ENTRIES SUPPLIED Start Marker
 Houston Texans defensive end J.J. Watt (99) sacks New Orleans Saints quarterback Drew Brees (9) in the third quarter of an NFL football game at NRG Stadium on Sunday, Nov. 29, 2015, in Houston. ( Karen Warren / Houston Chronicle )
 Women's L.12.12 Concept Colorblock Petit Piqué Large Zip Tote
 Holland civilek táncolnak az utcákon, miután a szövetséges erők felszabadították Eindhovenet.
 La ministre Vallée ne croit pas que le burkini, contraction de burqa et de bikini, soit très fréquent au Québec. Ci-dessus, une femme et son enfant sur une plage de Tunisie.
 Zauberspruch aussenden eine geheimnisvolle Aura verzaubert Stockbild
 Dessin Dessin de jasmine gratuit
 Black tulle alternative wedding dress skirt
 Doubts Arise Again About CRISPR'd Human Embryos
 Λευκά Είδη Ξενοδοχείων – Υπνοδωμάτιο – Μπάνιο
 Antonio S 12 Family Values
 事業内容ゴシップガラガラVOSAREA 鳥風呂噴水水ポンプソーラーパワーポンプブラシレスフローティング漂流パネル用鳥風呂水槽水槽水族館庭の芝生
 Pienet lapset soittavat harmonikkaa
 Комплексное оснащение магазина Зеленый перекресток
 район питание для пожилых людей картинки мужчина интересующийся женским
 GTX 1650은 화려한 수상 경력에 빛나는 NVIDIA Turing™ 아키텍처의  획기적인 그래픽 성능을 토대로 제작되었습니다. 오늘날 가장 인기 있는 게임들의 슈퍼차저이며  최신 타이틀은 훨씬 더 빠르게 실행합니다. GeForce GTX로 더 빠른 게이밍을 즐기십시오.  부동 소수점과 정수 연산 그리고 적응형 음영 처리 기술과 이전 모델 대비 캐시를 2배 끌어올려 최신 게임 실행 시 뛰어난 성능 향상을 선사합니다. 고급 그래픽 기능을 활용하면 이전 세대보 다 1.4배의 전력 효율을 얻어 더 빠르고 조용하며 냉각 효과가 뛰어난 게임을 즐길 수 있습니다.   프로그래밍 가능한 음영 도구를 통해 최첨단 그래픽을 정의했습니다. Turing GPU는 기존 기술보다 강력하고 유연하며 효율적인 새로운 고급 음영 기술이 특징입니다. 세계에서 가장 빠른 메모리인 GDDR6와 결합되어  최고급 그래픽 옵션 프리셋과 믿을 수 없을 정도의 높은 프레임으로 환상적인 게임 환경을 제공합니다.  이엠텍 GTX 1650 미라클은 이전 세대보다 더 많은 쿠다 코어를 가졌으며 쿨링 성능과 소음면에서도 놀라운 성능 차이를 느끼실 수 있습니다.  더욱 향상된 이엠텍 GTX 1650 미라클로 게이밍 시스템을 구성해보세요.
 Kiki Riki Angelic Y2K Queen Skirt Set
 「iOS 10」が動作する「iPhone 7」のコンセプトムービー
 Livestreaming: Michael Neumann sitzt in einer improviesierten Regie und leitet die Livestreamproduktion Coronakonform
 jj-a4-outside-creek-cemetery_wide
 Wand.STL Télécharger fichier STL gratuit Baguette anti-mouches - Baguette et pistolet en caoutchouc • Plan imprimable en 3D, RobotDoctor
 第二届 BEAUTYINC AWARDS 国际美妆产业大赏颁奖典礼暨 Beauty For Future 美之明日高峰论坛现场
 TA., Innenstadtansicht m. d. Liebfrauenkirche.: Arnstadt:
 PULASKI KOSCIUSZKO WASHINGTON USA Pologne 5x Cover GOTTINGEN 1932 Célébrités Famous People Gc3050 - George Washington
ENTRIES SUPPLIED End Marker
| EXERCISE |
Repeat every entry word for word.

| RESPONSE |
 Houston Texans defensive end J.J. Watt (99) sacks New Orleans Saints quarterback Drew Brees (9) in the third quarter of an NFL football game at NRG Stadium on Sunday, Nov. 29, 2015, in Houston. ( Karen Warren / Houston Chronicle )
 Women's L.12.12 Concept Colorblock Petit Piqué Large Zip Tote
 Holland civilek táncolnak az utcákon, miután a szövetséges erők felszabadították Eindhovenet.
 La ministre Vallée ne croit pas que le burkini, contraction de burqa et de bikini, soit très fréquent au Québec. Ci-dessus, une femme et son enfant sur une plage de Tunisie.
 Zauberspruch aussenden eine geheimnisvolle Aura verzaubert Stockbild
 Dessin Dessin de jasmine gratuit
 Black tulle alternative wedding dress skirt
 Doubts Arise Again About CRISPR'd Human Embryos
 Λευκά Είδη Ξενοδοχείων – Υπνοδωμάτιο – Μπάνιο
 Antonio S 12 Family Values
 事業内容ゴシップガラガラVOSAREA 鳥風呂噴水水ポンプソーラーパワーポンプブラシレスフローティング漂流パネル用鳥風呂水槽水槽水族館庭の芝生
 Pienet lapset soittavat harmonikkaa
 Комплексное оснащение магазина Зеленый перекресток
 район питание для пожилых людей картинки мужчина интересующийся женским
 GTX 1650은 화려한 수상 경력에 빛나는 NVIDIA Turing™ 아키텍처의  획기적인 그래픽 성능을 토대로 제작되었습니다. 오늘날 가장 인기 있는 게임들의 슈퍼차저이며  최신 타이틀은 훨씬 더 빠르게 실행합니다. GeForce GTX로 더 빠른 게이밍을 즐기십시오.  부동 소수점과 정수 연산 그리고 적응형 음영 처리 기술과 이전 모델 대비 캐시를 2배 끌어올려 최신 게임 실행 시 뛰어난 성능 향상을 선사합니다. 고급 그래픽 기능을 활용하면 이전 세대보 다 1.4배의 전력 효율을 얻어 더 빠르고 조용하며 냉각 효과가 뛰어난 게임을 즐길 수 있습니다.   프로그래밍 가능한 음영 도구를 통해 최첨단 그래픽을 정의했습니다. Turing GPU는 기존 기술보다 강력하고 유연하며 효율적인 새로운 고급 음영 기술이 특징입니다. 세계에서 가장 빠른 메모리인 GDDR6와 결합되어  최고급 그래픽 옵션 프리셋과 믿을 수 없을 정도의 높은 프레임으로 환상적인 게임 환경을 제공합니다.  이엠텍 GTX 1650 미라클은 이전 세대보다 더 많은 쿠다 코어를 가졌으며 쿨링 성능과 소음면에서도 놀라운 성능 차이를 느끼실 수 있습니다.  더욱 향상된 이엠텍 GTX 1650 미라클로 게이밍 시스템을 구성해보세요.
 Kiki Riki Angelic Y2K Queen Skirt Set
 「iOS 10」が動作する「iPhone 7」のコンセプトムービー
 Livestreaming: Michael Neumann sitzt in einer improviesierten Regie und leitet die Livestreamproduktion Coronakonform
 jj-a4-outside-creek-cemetery_wide
 Wand.STL Télécharger fichier STL gratuit Baguette anti-mouches - Baguette et pistolet en caoutchouc • Plan imprimable en 3D, RobotDoctor
 第二届 BEAUTYINC AWARDS 国际美妆产业大赏颁奖典礼暨 Beauty For Future 美之明日高峰论坛现场
 TA., Innenstadtansicht m. d. Liebfrauenkirche.: Arnstadt:
 PULASKI KOSCIUSZKO WASHINGTON USA Pologne 5x Cover GOTTINGEN 1932 Célébrités Famous People Gc3050 - George Washington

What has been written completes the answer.